Pregnancy in patients with Parkinson disease (PD) is a rare occurrence. However, physicians treating pregnant patients with PD should be aware of the impact of pregnancy on parkinsonism as well as that of the treatment for PD on pregnancy and fetal development [1, 2]. To the best of our knowledge, the effect of pregnancy in genetically-confirmed autosomal recessive juvenile parkinsonism (ARJP) has never been reported. Here, we report the first case of pregnancy in a patient with ARJP associated with a parkin gene mutation (ARJP/PARK2), which is characterized by early onset, marked response to levodopa treatment, and levodopa-induced dyskinesia .
A 27-year-old woman with ARJP having heterozygous exonic deletion mutations (Δexon 4/Δexons 2-4) of the parkin gene (patient II-2 in pedigree 455)  was referred to our hospital at the fifth week of gestation. This patient showed bradykinesia, rigidity, postural instability, dystonia, a slowly progressive course, and alleviation of symptoms in response to levodopa therapy. She had a 15-year history of parkinsonism and was receiving treatment with dopaminergic drugs, including levodopa/carbidopa (450 mg/day), entacapone (400 mg/day), selegiline (7.5 mg/day), and ropinirole (1.5 mg/day). Wearing-off phenomenon and levodopa-induced dyskinesia were noted since the age of 24 years. The wearing-off phenomenon became remarkable gradually. The duration of levodopa action was about 120 min. Treatment with entacapone increased the duration of the "on" period. The Hoehn and Yahr stage was 5 during the "off" period and 2 during the "on" period. Moderate dyskinesia with pain was prominent at the peak dose of levodopa medication. Interestingly, her parkinsonism tended to fluctuate depending on the menstrual cycle since the age of 21 years: it exacerbated between ovulation and menstruation.
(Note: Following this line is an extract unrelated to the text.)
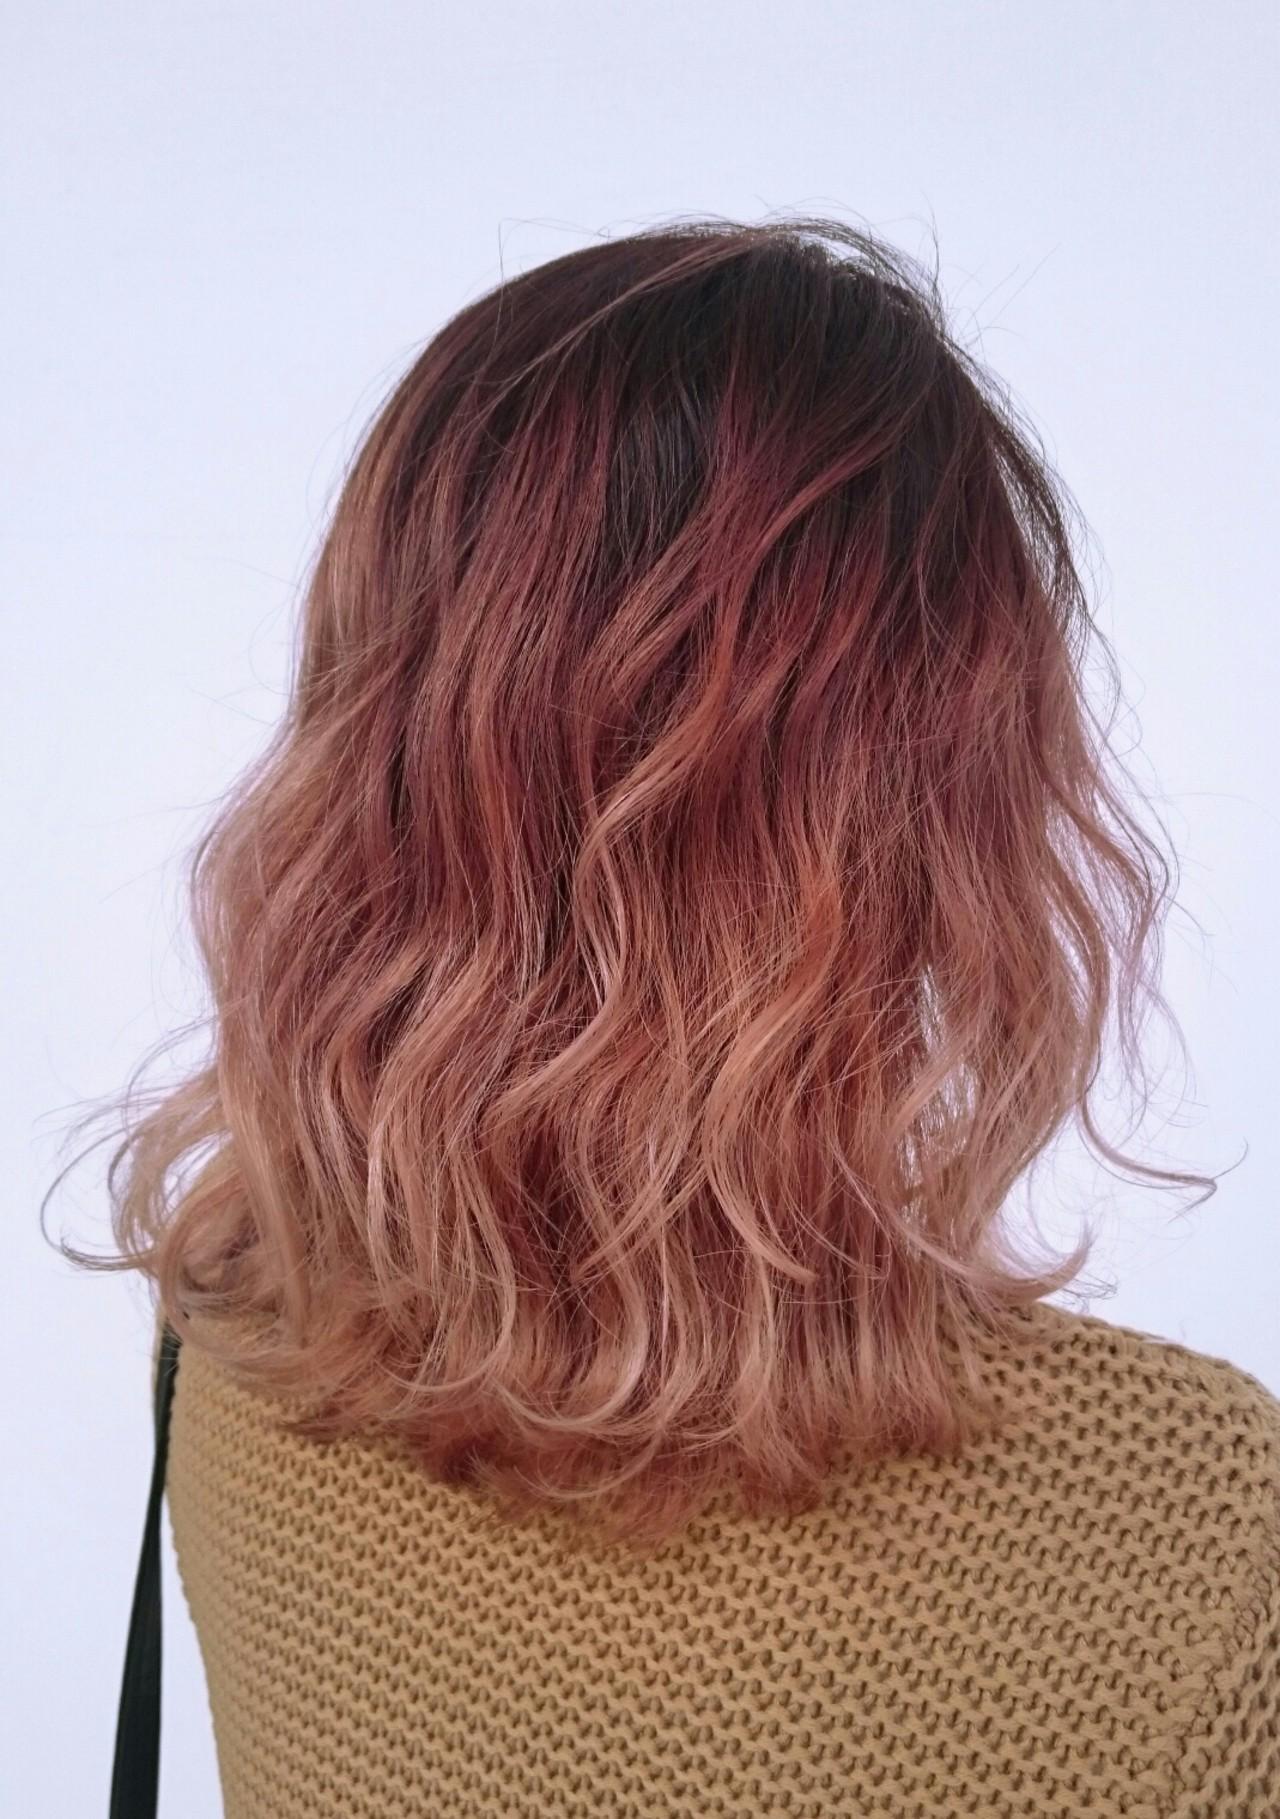 ほんのりピンクにきゅんとする。愛され「ラベンダーアッシュ」のヘアスタイルまとめ  白川 知博 KEYMAN

She was diagnosed as having a spontaneous dichorionic/diamniotic twin pregnancy. To reduce the teratogenic risk of antiparkinsonian drugs , we eventually discontinued them except levodopa/carbidopa (450 mg/day) until the sixth week of gestation. Thereafter, her dyskinesia disappeared almost completely during the course of gestation. Because the patient complained of worsening of her motor disability (Hoehn and Yahr stage [on/off] 3/5) and felt strong anxiety due to her inability to move during off-time and in the night, she received inpatient hospital care for assistance in the activities of daily living (ADL) without increasing the dose of the antiparkinsonian drugs. However, her motor disability worsened after the 19th week of gestation (Hoehn and Yahr stage [on/off] 4/5) and the wearing-off phenomenon became remarkable after the 21st week of gestation. Thus, we gradually increased the dose of levodopa/carbidopa up to 700 mg/day and resumed entacapone and selegiline at doses of 400 mg/day and 7.5 mg/day, respectively.
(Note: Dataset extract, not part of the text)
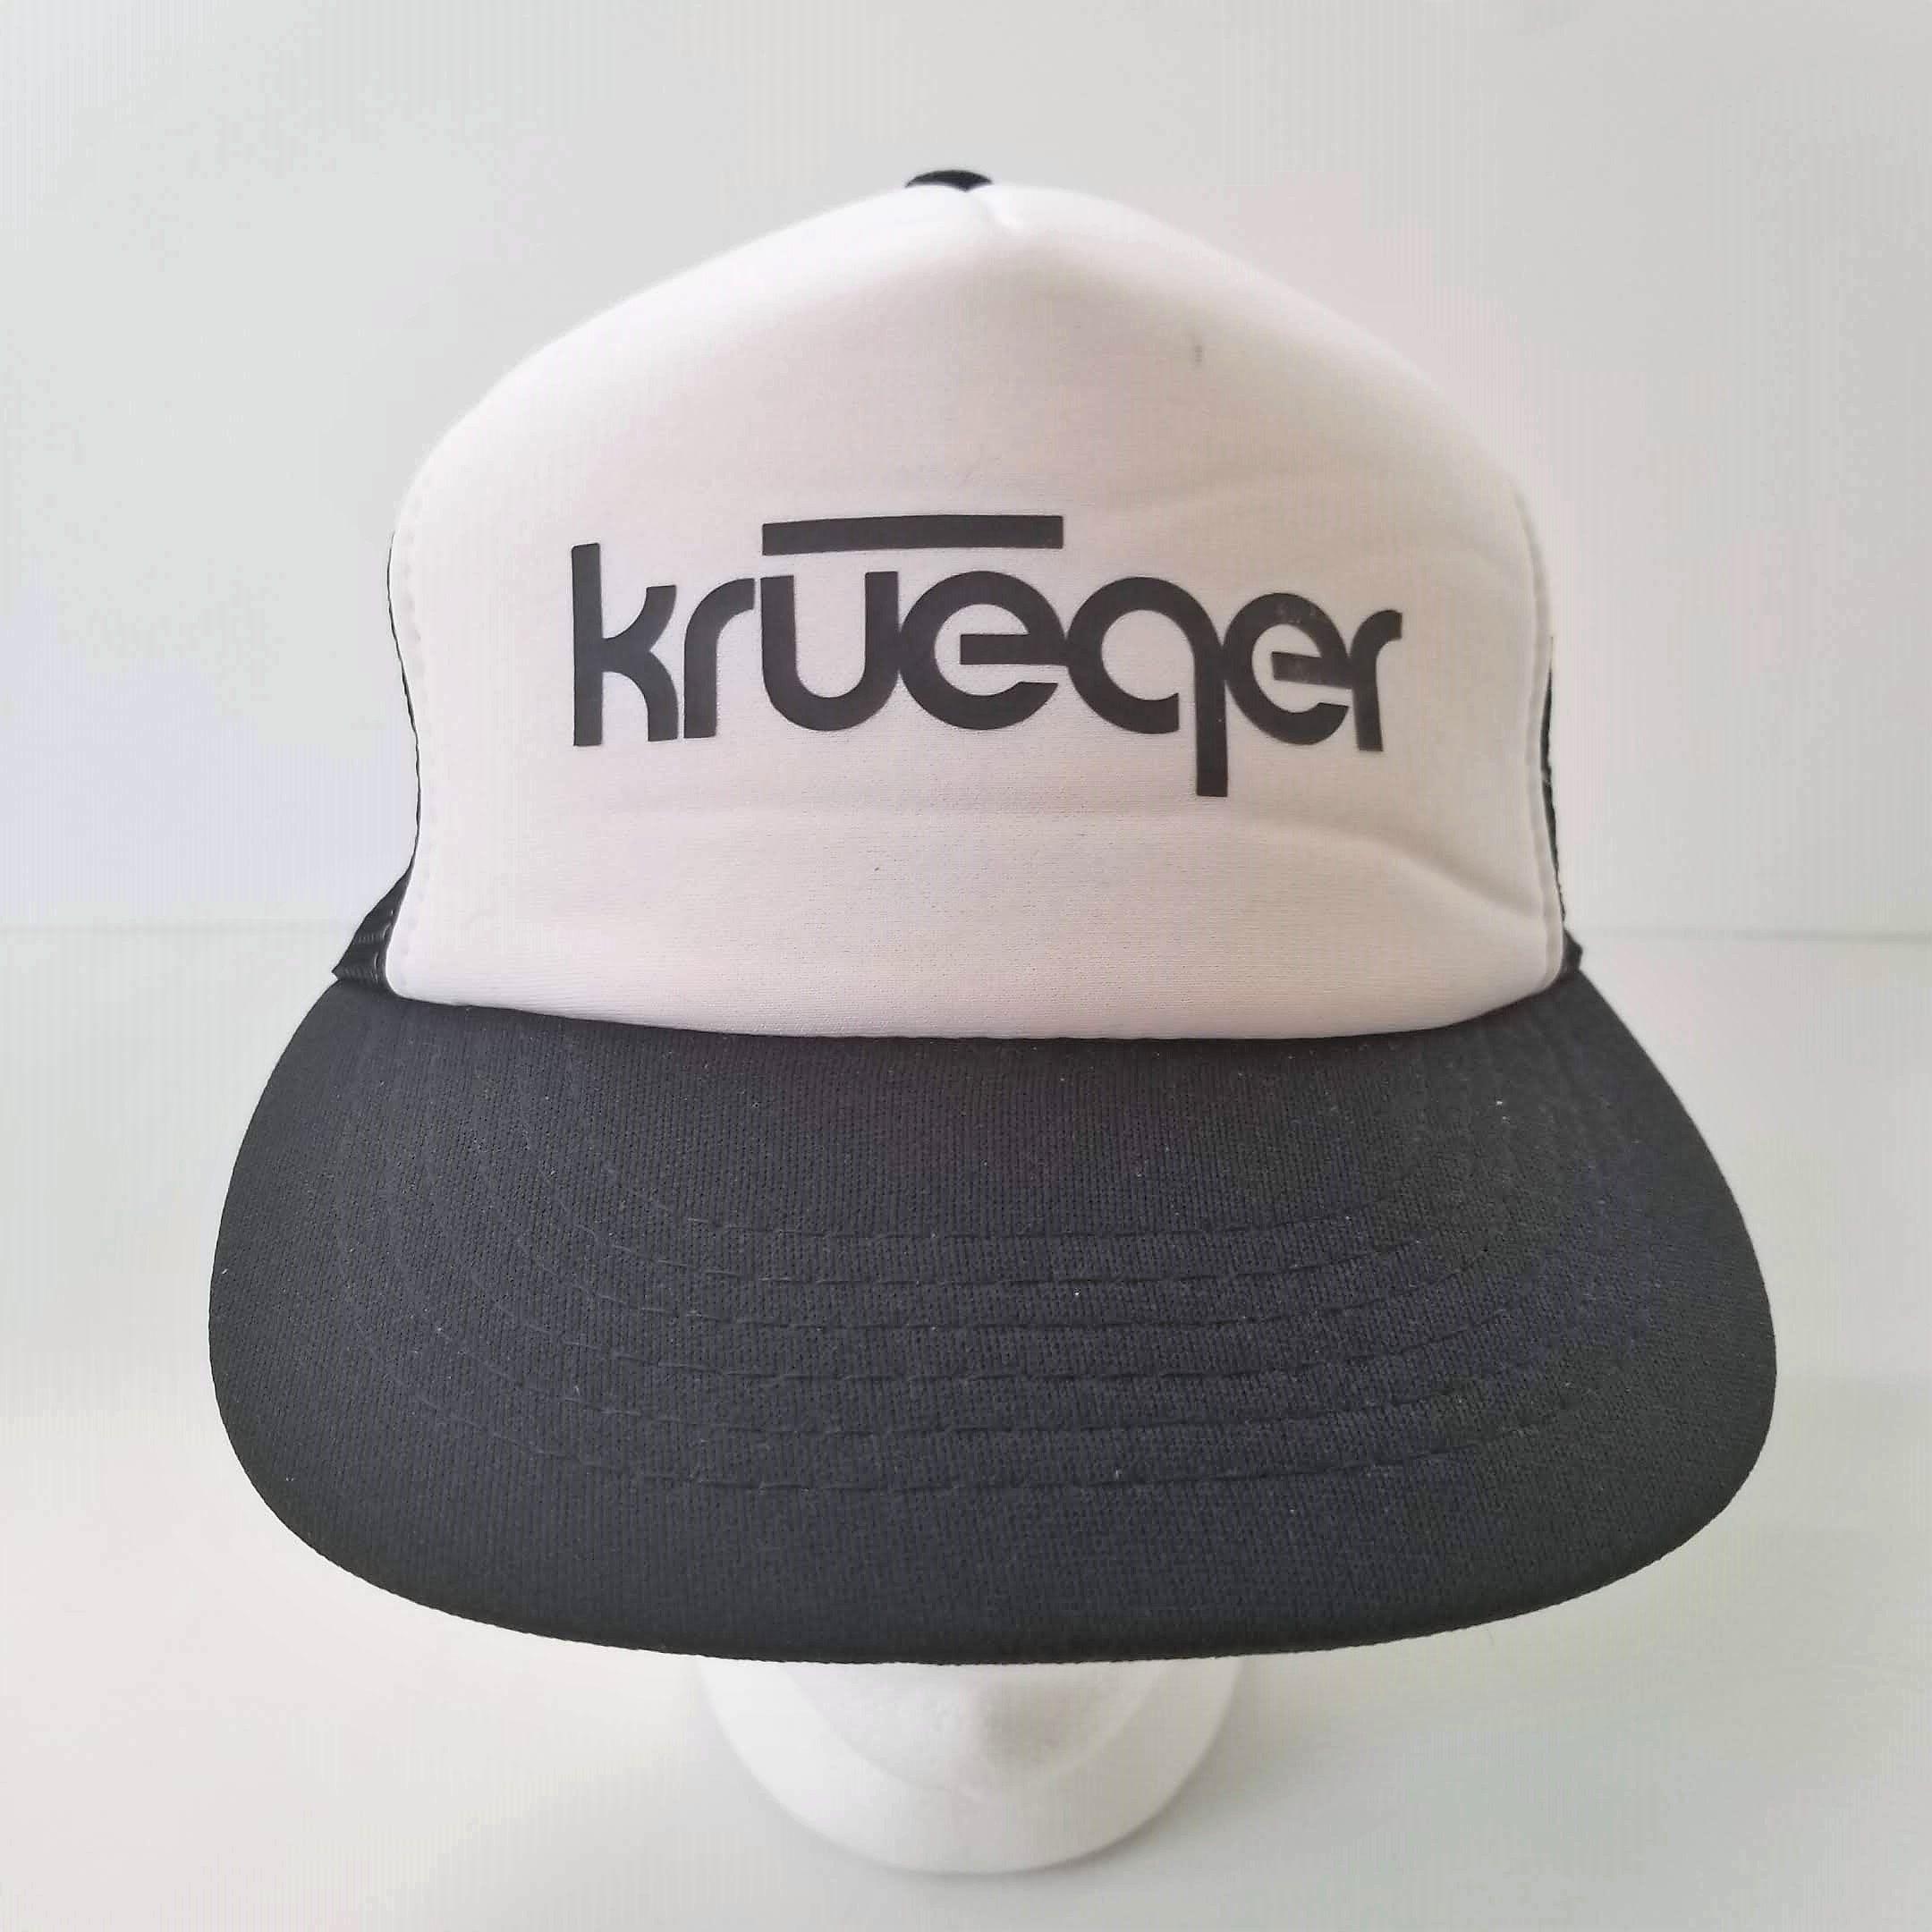 Vintage Krueger Trucker Hat Mesh Snapback Black White 80s Ball Cap Logo By Trasheewomen On Etsy Krueger Trucker Truckerhat Snap Hats For Sale Cap Logo Hats

At the 35th week of gestation, the patient underwent caesarean delivery due to preterm premature rupture of the membranes and onset of labor pains. She delivered healthy male twins weighing 2,184g and 2,022g with 5-min Apgar scores of 8 and 9, respectively. Examination of the babies revealed no abnormalities except ventricular septum defect in one of the babies. Because the diameter of the VSD measured by using transthoracic echocardiography was small (3 mm), it was considered that this VSD did not need surgical repair. The babies were fed synthetic milk to avoid exposure to antiparkinsonian drugs, because medical information on this topic is lacking. After discharge from our hospital, the patient could care for the babies with assistance from her family. Psychomotor development of both the babies was normal at the age of 2 years.
In this report, we present the case of a twin pregnant patient with ARJP/PARK2. It remains unknown whether the twin pregnancy was associated with the exposure to several antiparkinsonian drugs taken during early pregnancy. Whether the twin pregnancy was associated with the exposure to several antiparkinsonian drugs taken during early pregnancy remains unknown, because a causal association between antiparkinsonian drugs and multiple ovulations has not yet been established.
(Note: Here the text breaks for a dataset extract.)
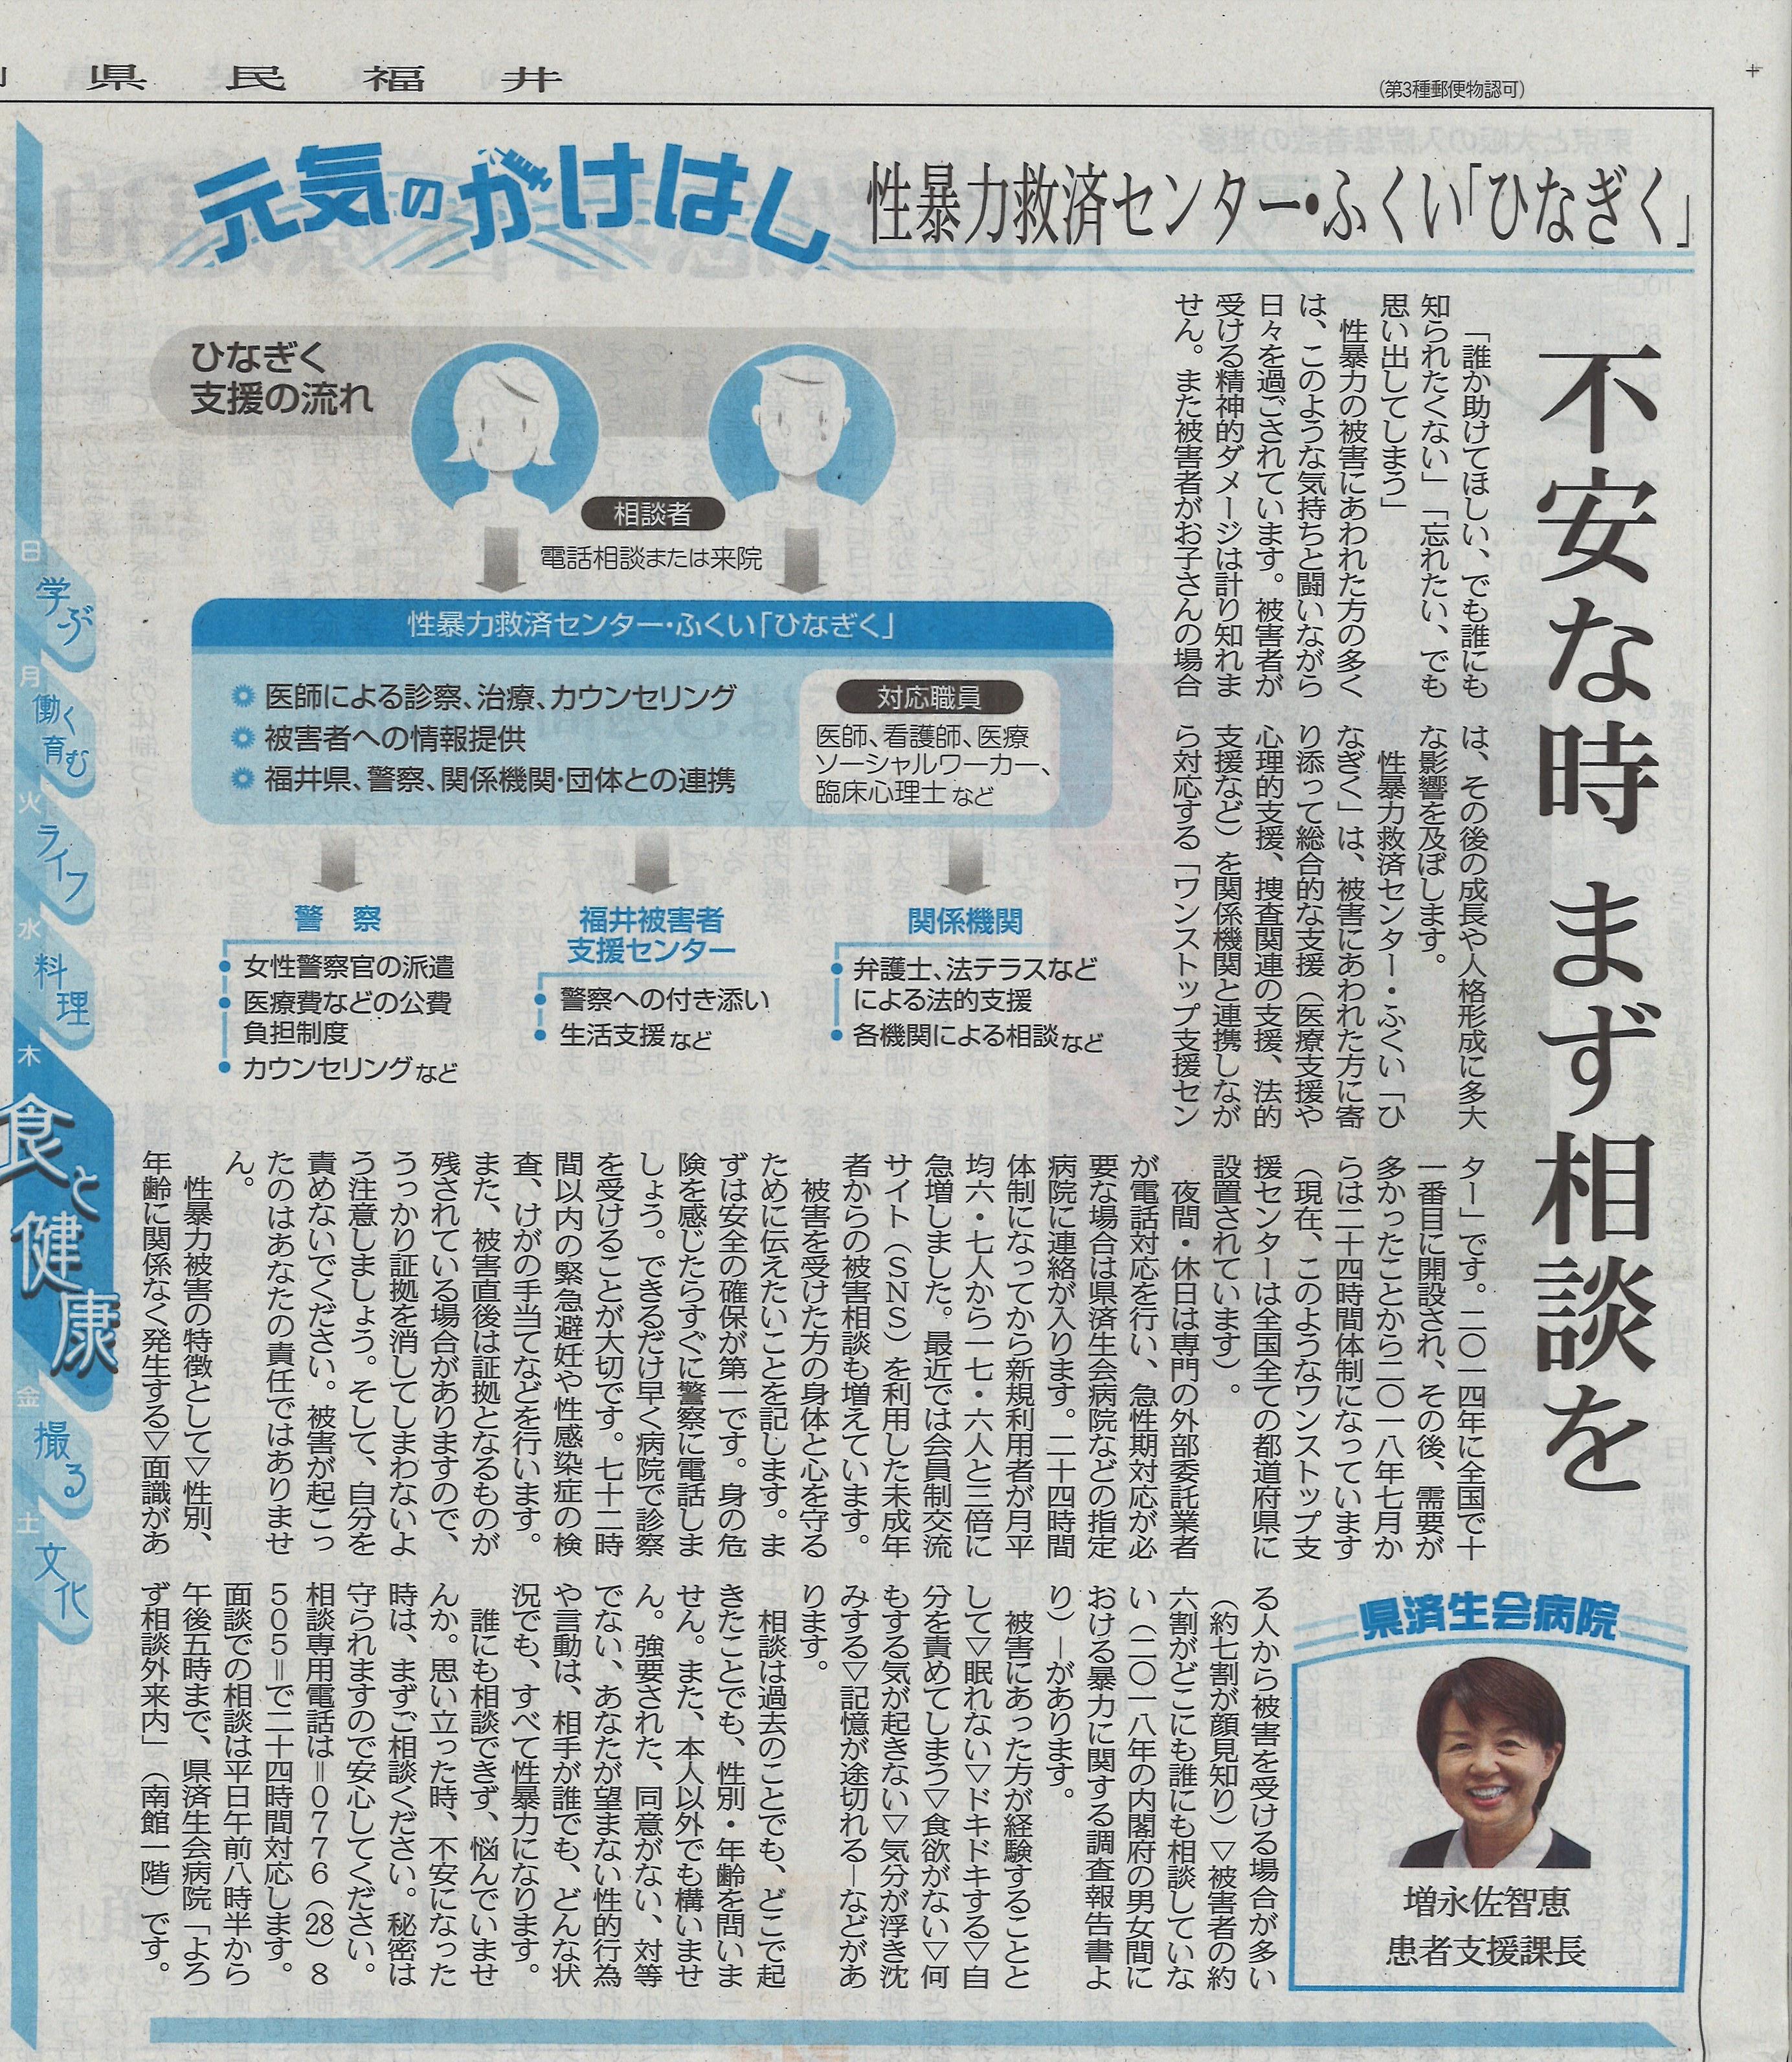 2020年7月30日 日刊県民福井

We also present several important findings in pregnant PD patients. First, we speculated that parkinsonism associated with ARJP/PARK2 might be influenced by the levels of sex hormones. In our patient, exacerbation of motor disability was noted between ovulation and menstruation before pregnancy as well as during late pregnancy. Because estrogen increases during such conditions and because estrogen is known to regulate the dopaminergic neurotransmission in the basal ganglia , estrogen may be considered to exert an influence on parkinsonism. However, there is a possibility that the motor disability noted during late pregnancy could be related to pregnancy-induced pharmacokinetic variations of drug levels .
Second, programmed pregnancy might be recommended to PD patients to reduce the risk of teratogenicity. We considered that monotherapy with levodopa/carbidopa might be preferable during the organogenesis period, because this drug combination has been shown to have no adverse effect on the fetus . However, because monotherapy with levodopa/carbidopa could increase parkinsonism and the off-time duration, adequate ADL assistance should be provided to the patients during this period. With regard to the presence of a VSD in one of the twins, a potential role of medication effect of antiparkinsonian drugs needs to be considered. However, because this anomaly is not very rare (the prevalence of muscular VSD in neonates is 53.2/1000 live births ), it is difficult to conclude that VSD is caused by antiparkinsonian drugs.
Finally, after the organogenesis period, patients should be administered sufficient amounts of antiparkinsonian drugs to improve their parkinsonism symptoms and the wearing-off phenomenon, because a worsened clinical status may have a profound impact on the maintenance of pregnancy, delivery, and the ability of PD patients to care for their babies .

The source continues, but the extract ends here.